Es ist völlig egal, was "verwendet werden darf". Das spielt nämlich nur eine Rolle, wenn es um die Beweisführung vor Gericht geht.
Das bedeutet aber noch lange nicht, dass solche Infos nicht irgendwo verbleiben oder für Ermittlungen trotzdem indirekt genutzt/vorgehalten werden können.
Lies doch mal selbst, was du zitierst.
Beweisverbote ist auch nicht gleich Beweis*verwertungs*verboten.
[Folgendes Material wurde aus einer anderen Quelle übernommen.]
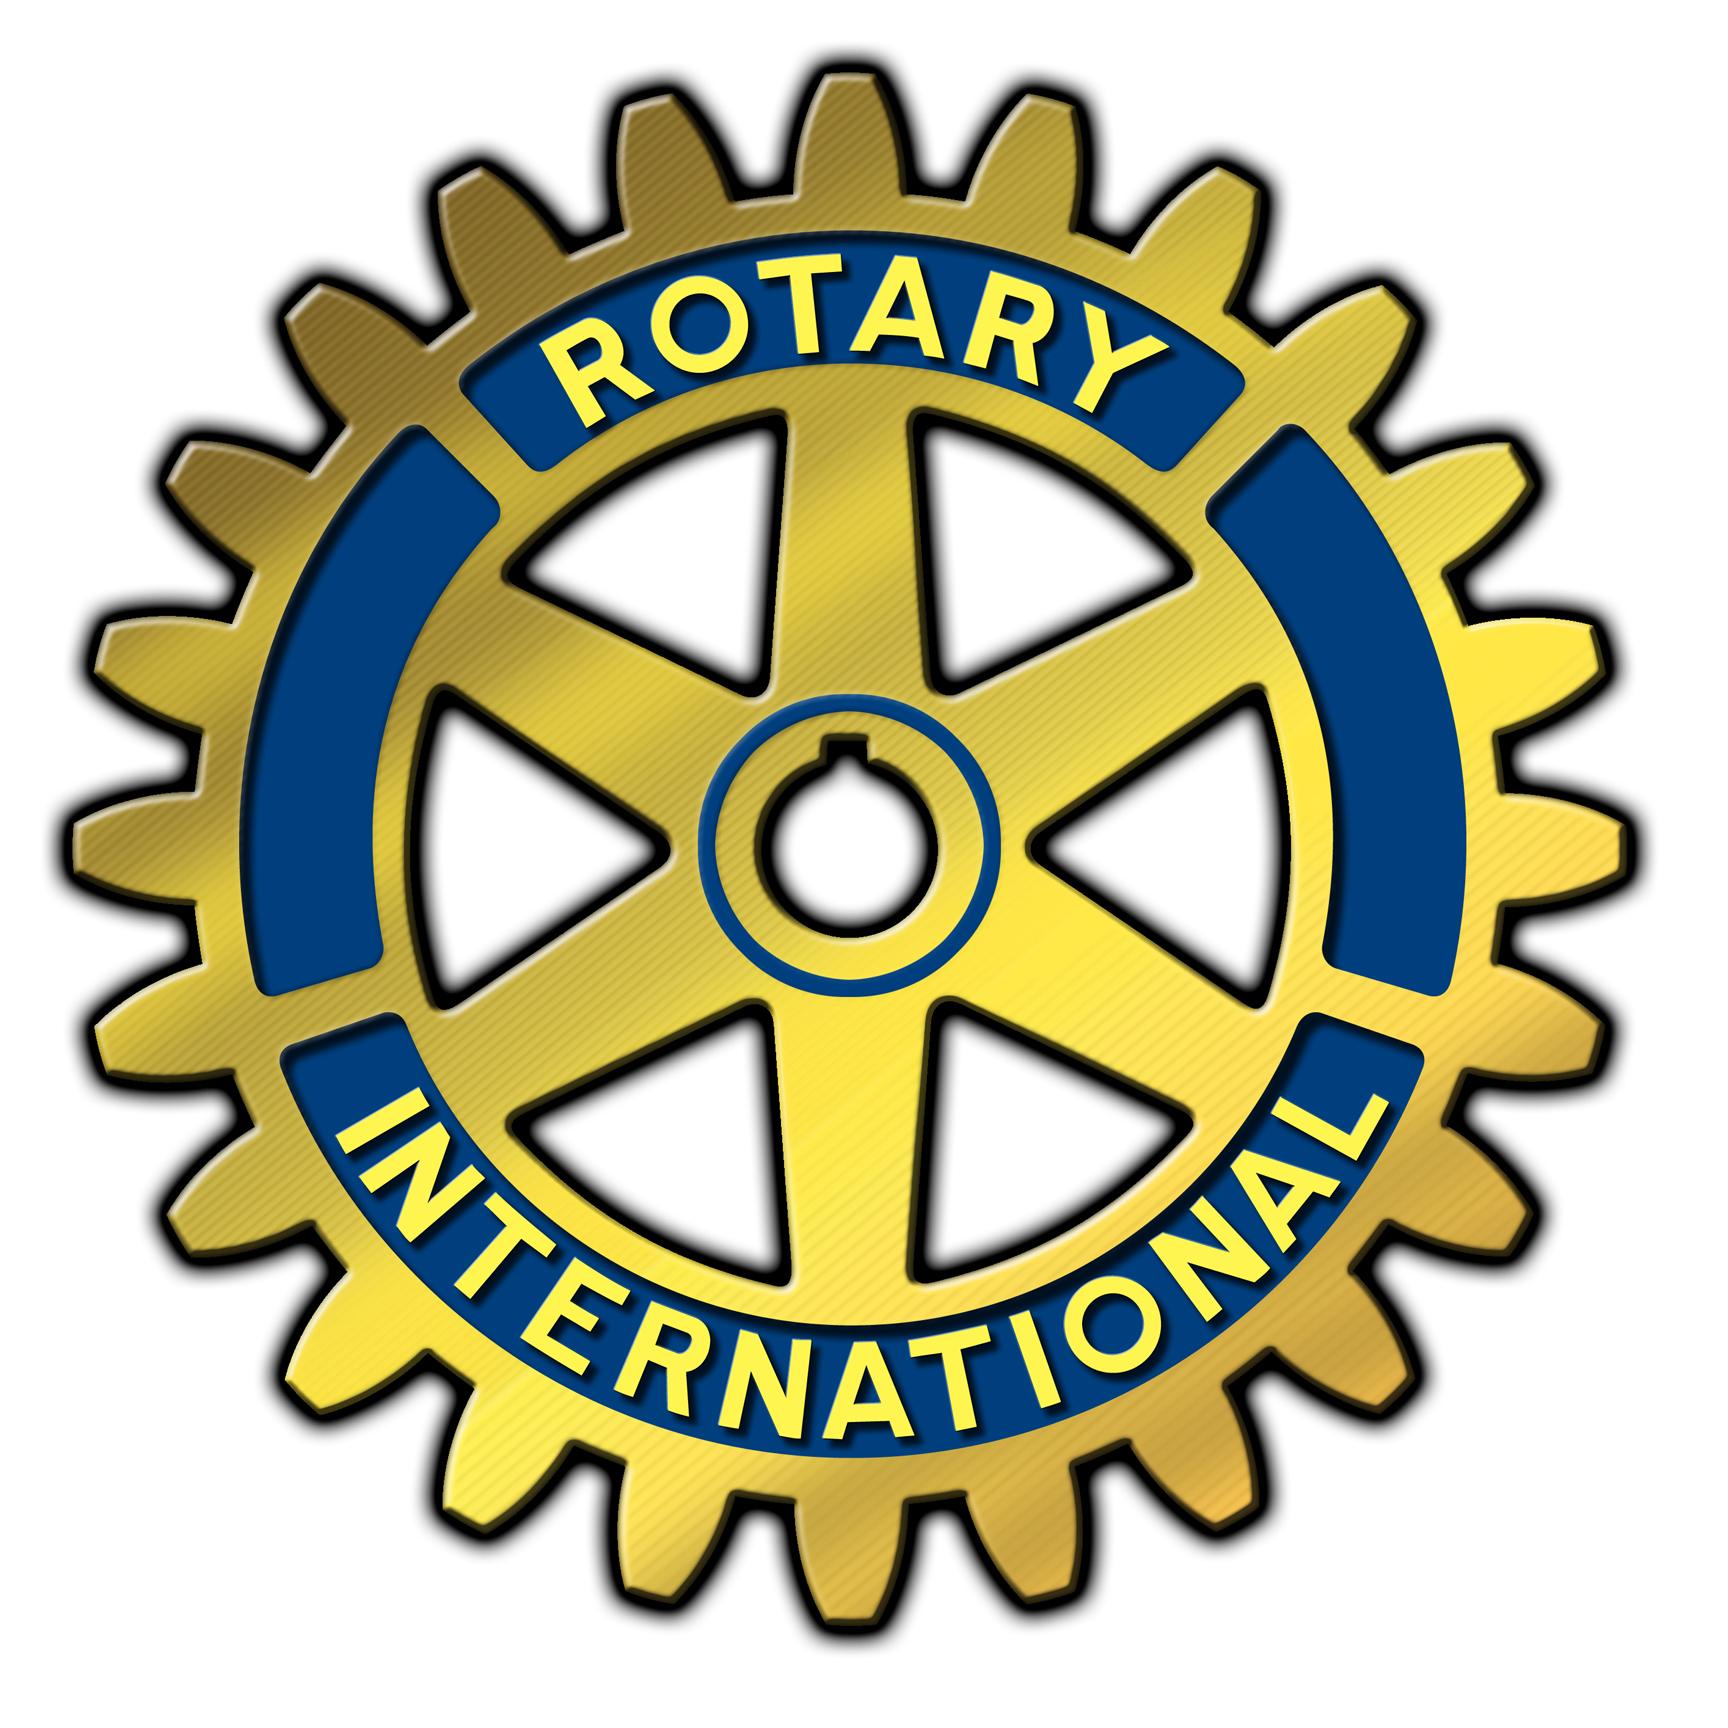 Rotary International Logo, Mindful Community Participation

> Ein selbstständiges Beweisverwertungsverbot enthält § 477 Absatz 2 Satz 2 StPO. *Diese Norm bestimmt, dass personenbezogene Daten, die aufgrund von Maßnahmen erlangt werden, die nur bei Verdacht auf bestimmte Katalogtaten angeordnet werden dürfen, ohne Einwilligung des Betroffenen nur in solchen Verfahren als Beweismittel genutzt werden, die eine Katalogtat zum Gegenstand haben.* Von Bedeutung ist dies *beispielsweise, wenn im Rahmen einer Telekommunikationsüberwachung (§ 100a StPO) Beweise erlangt werden, die auf eine Tat schließen lassen,* die keine Katalogtat nach § 100a Absatz 2 StPO, darstellt


"Gut, Sie besitzen keine Kipo-Sammlung. Aber schon ein bisschen viel Warez, oder? Ihnen ist schon klar, dass ein Verstoß gegen das Urheberrecht ein Vergehen im Sinne des Strafgesetzbuches darstellt und daher strafbar ist?"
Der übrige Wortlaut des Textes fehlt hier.